Page 11 of Not Everything Dies


  Ruxandra’s insides twisted as she looked at the little bottle. “We have no money.”

  Jana shook her head. “No, my lady, we don’t.”

  The woman frowned again. “I cannot give it away for free.”

  “Can we pay for it tomorrow?” Ruxandra tried to keep the desperation from her voice. “And take it now?”

  For the second time, Ruxandra’s words filled with power—with conviction and certainty and a strength that said obey me. The woman’s face went slack again. She nodded.

  “Very well, my lady,” she said. “I will look for your servant tomorrow.”

  Ruxandra cradled the perfume in her hands like it was a baby bird as they left the little shop. Her mind was spinning.

  I made her do something. I made her do it just by asking. Can I control people?

  She looked around the market square. A large man stood in front of baskets of wilted turnips and cabbages. He tipped his hat to everyone who went by and kept up a stream of patter. Ruxandra walked to him, listening as he extolled the virtues of his turnips and cabbages—the last from the fall harvest, you know.

  “Good evening, my lady,” he said. “Turnips for the household?”

  “No thank you.”

  “Then some cabbages perhaps?”

  “No.” She didn’t want to humiliate the man, but she needed him to do something a man wouldn’t normally do. “Do you ever balance turnips on your head?”

  The big man laughed. “Now why would I do such a thing?”

  Ruxandra put all her energy into the next words, concentrating on knowing he would do it. “Balance a turnip on your hat and keep it there until I leave the square.”

  “Of course, my lady.”

  He turned to his basket of turnips, went through several, and put them aside as unsuitable. Then he picked up a small round one and weighed it in his hand.

  “Perfect, I’d say,” he announced. With that, he put it on his head and crushed it into his hat so it stayed in place. “How is that my lady?”
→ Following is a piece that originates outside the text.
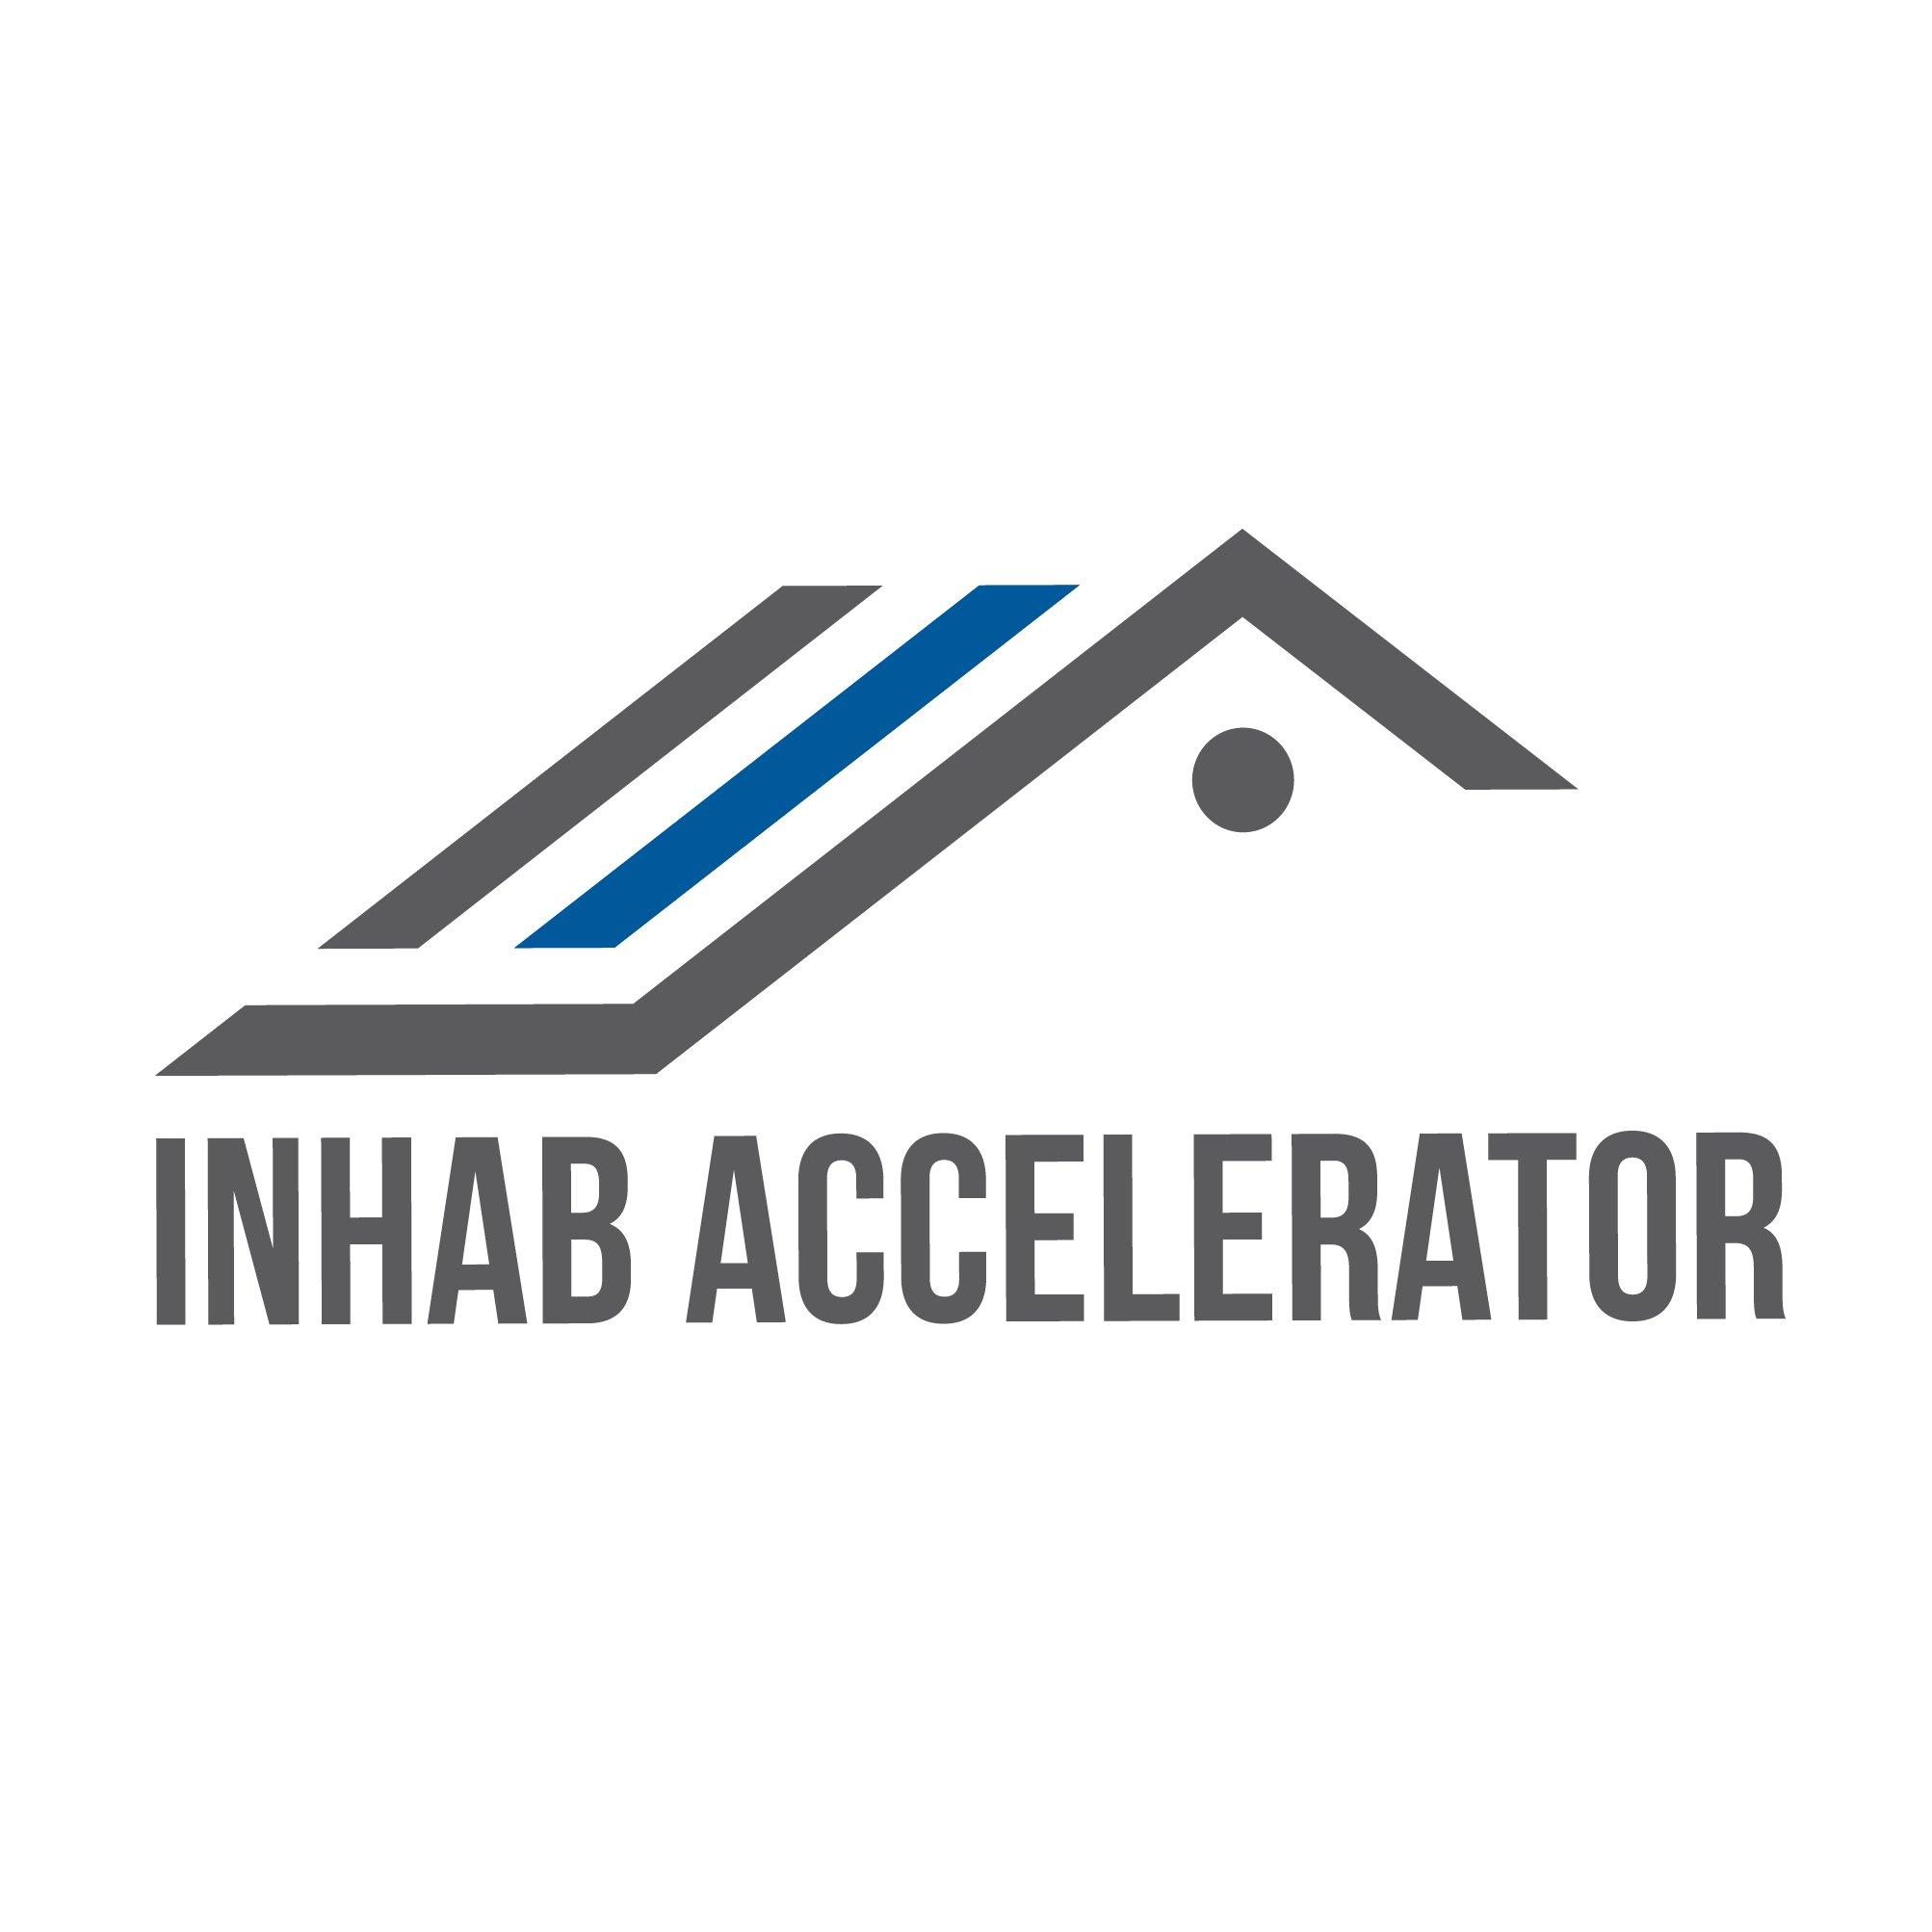 Inhab Accelerator
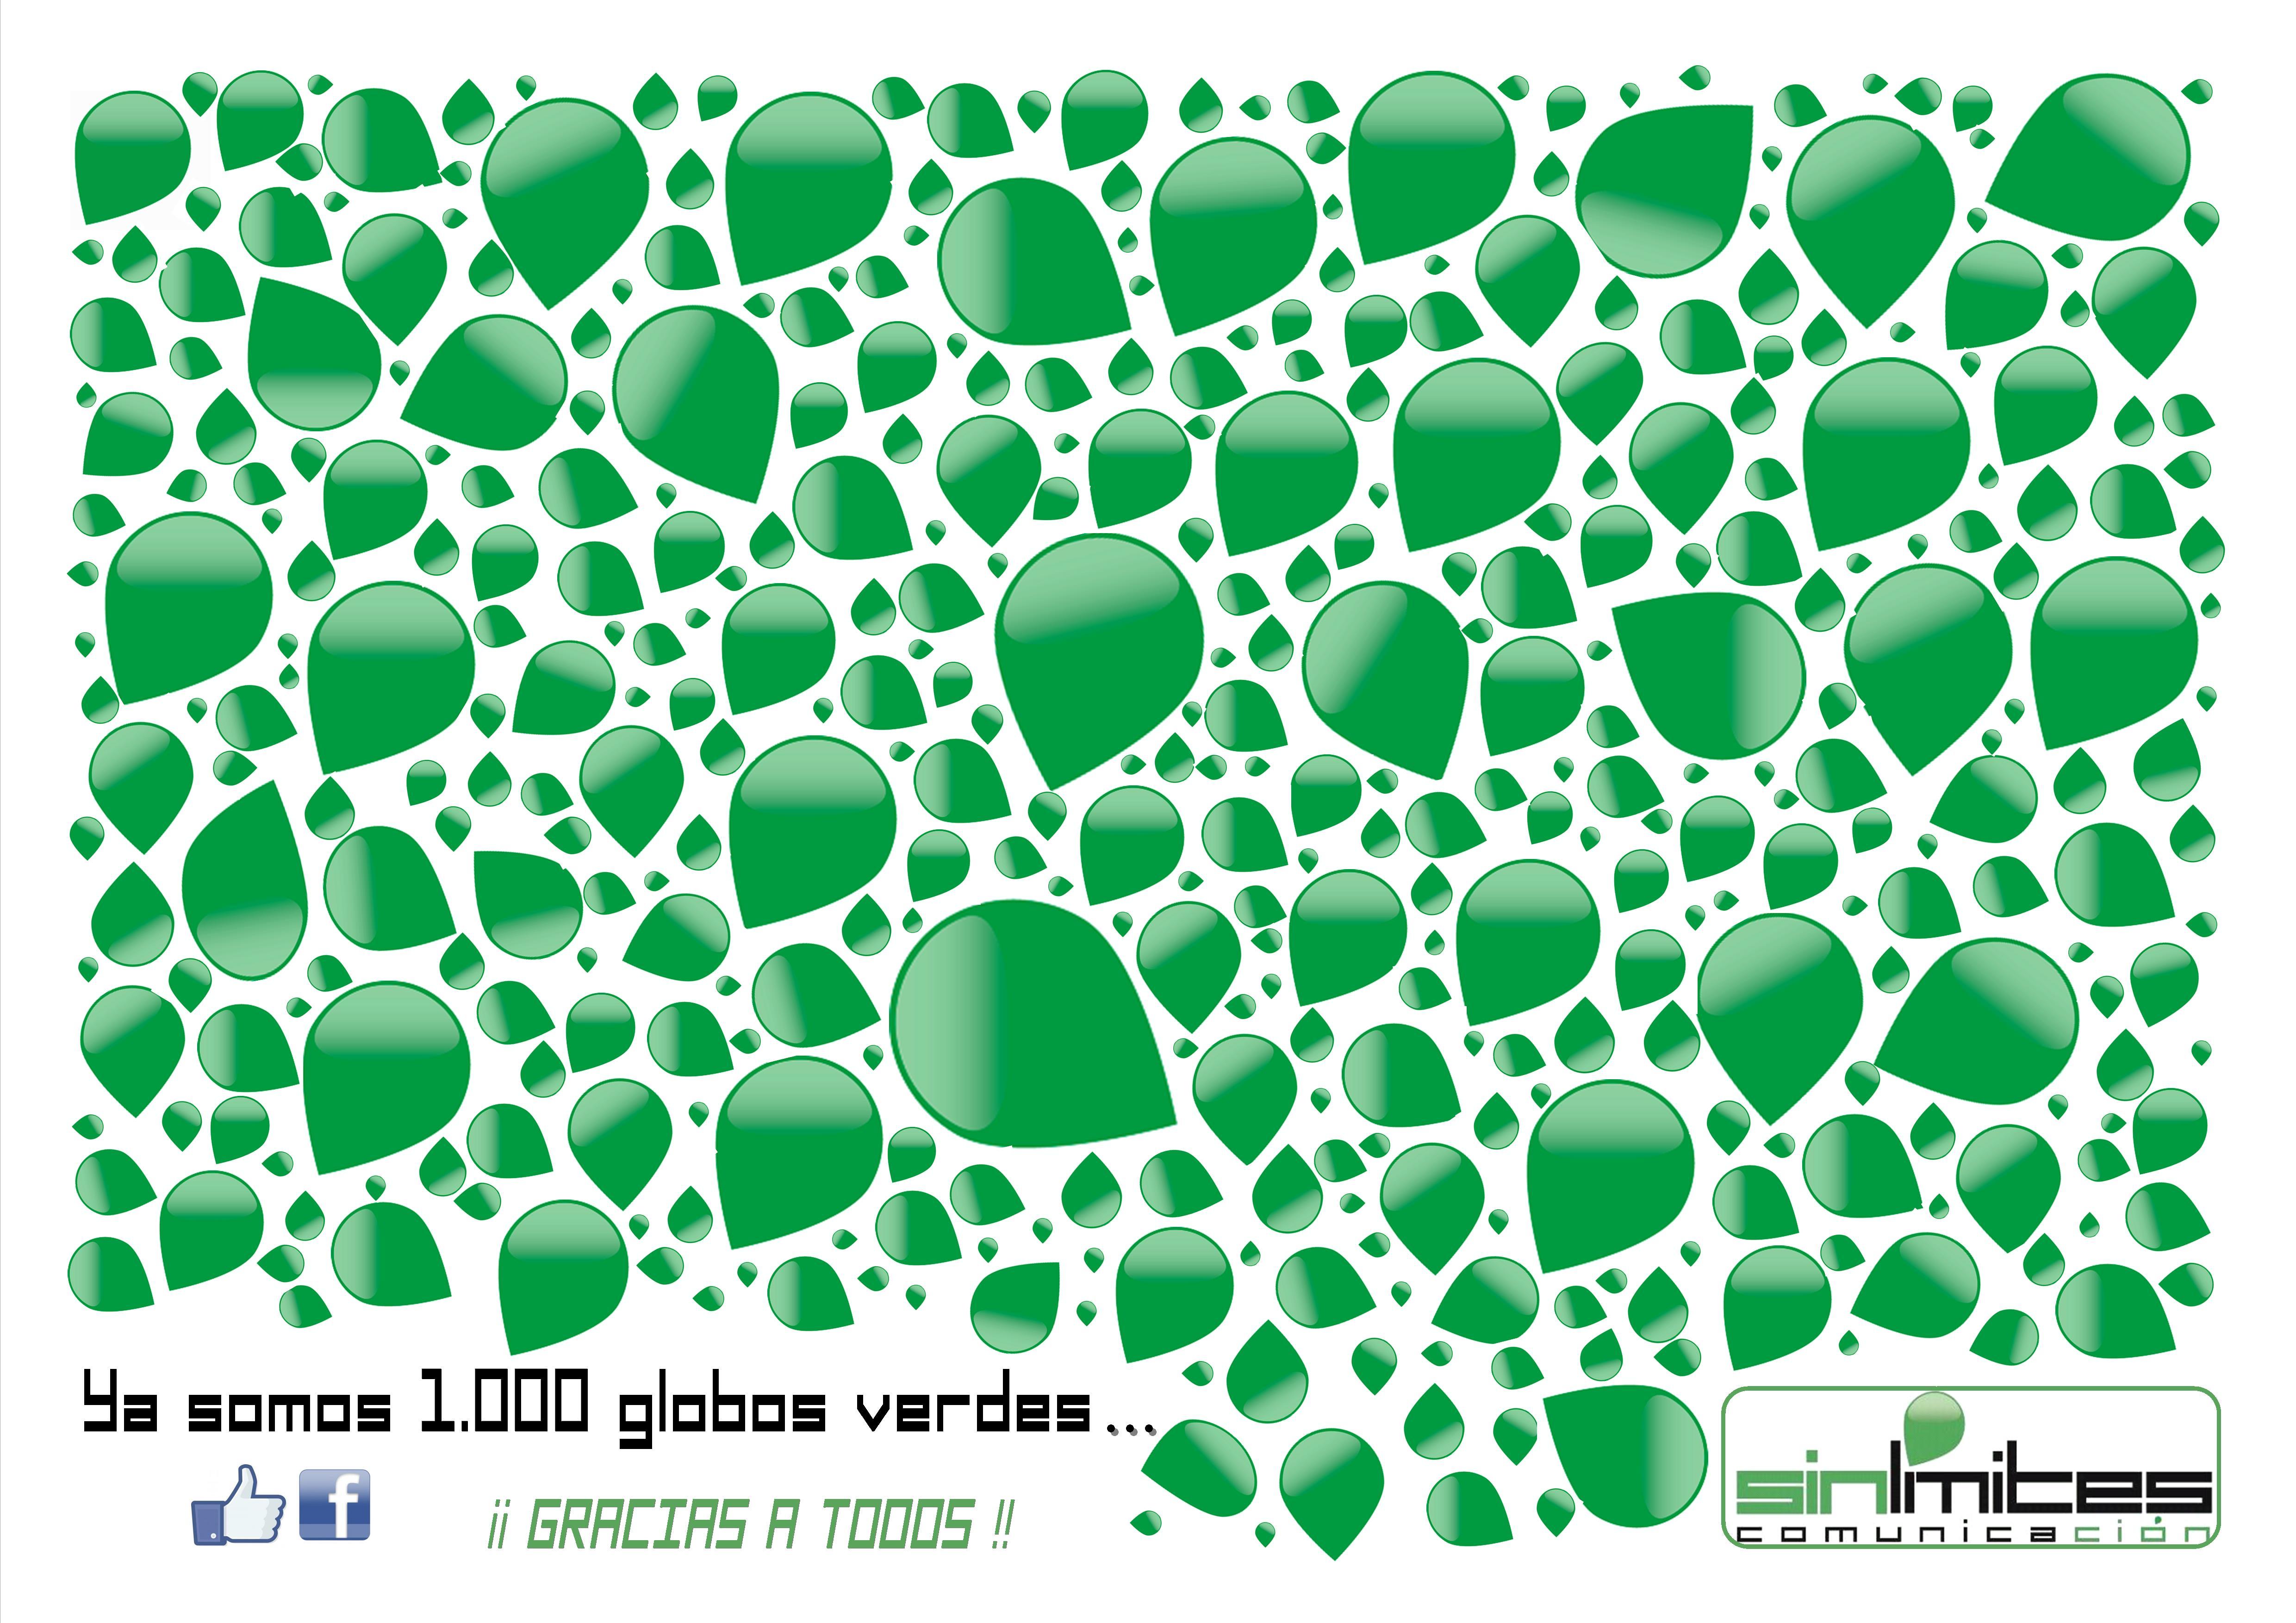 1000 globos verdes. Sinlímites Comunicación

  “Wonderful,” Ruxandra said. She bit her lip, turned around, grabbed Jana’s hand, and led her from the square. When she reached the edge, she looked back. The man waved at her, took the turnip off his head, and put it back in the basket. Ruxandra managed to get around a corner before collapsing into a fit of giggles.

  “My lady?” Jana said. “Are you all right?”

  Ruxandra nodded. I can command people to do things!

  I could tell people to take me places and show me things.

  I could show Jana things. We could visit the city together.

  “Jana,” Ruxandra said. “Do you want to see the Hofburg?”

  Jana’s eyes went wide. “Can we?”

  Five hours and an exhaustive tour of the Hofburg later, Ruxandra carried the sleeping Jana to their room. The guards at the Hofburg, at her command, had led her to a butler who declared himself more than happy to show them around once she commanded him. The building had been filled with art, with religious relics, arms and armor, and magnificent staterooms. They even got a glimpse at Maxmillius’s bedroom.

  It was wonderful. Ruxandra pushed open the door to her room and laid the girl on her small pallet bed in the corner.

  “Where have you been?” Elizabeth demanded.

  Ruxandra spun. Elizabeth sat in the chair, glaring furiously. Ruxandra had been so distracted by the evening she hadn’t noticed Elizabeth’s presence. She looked for words, but none came.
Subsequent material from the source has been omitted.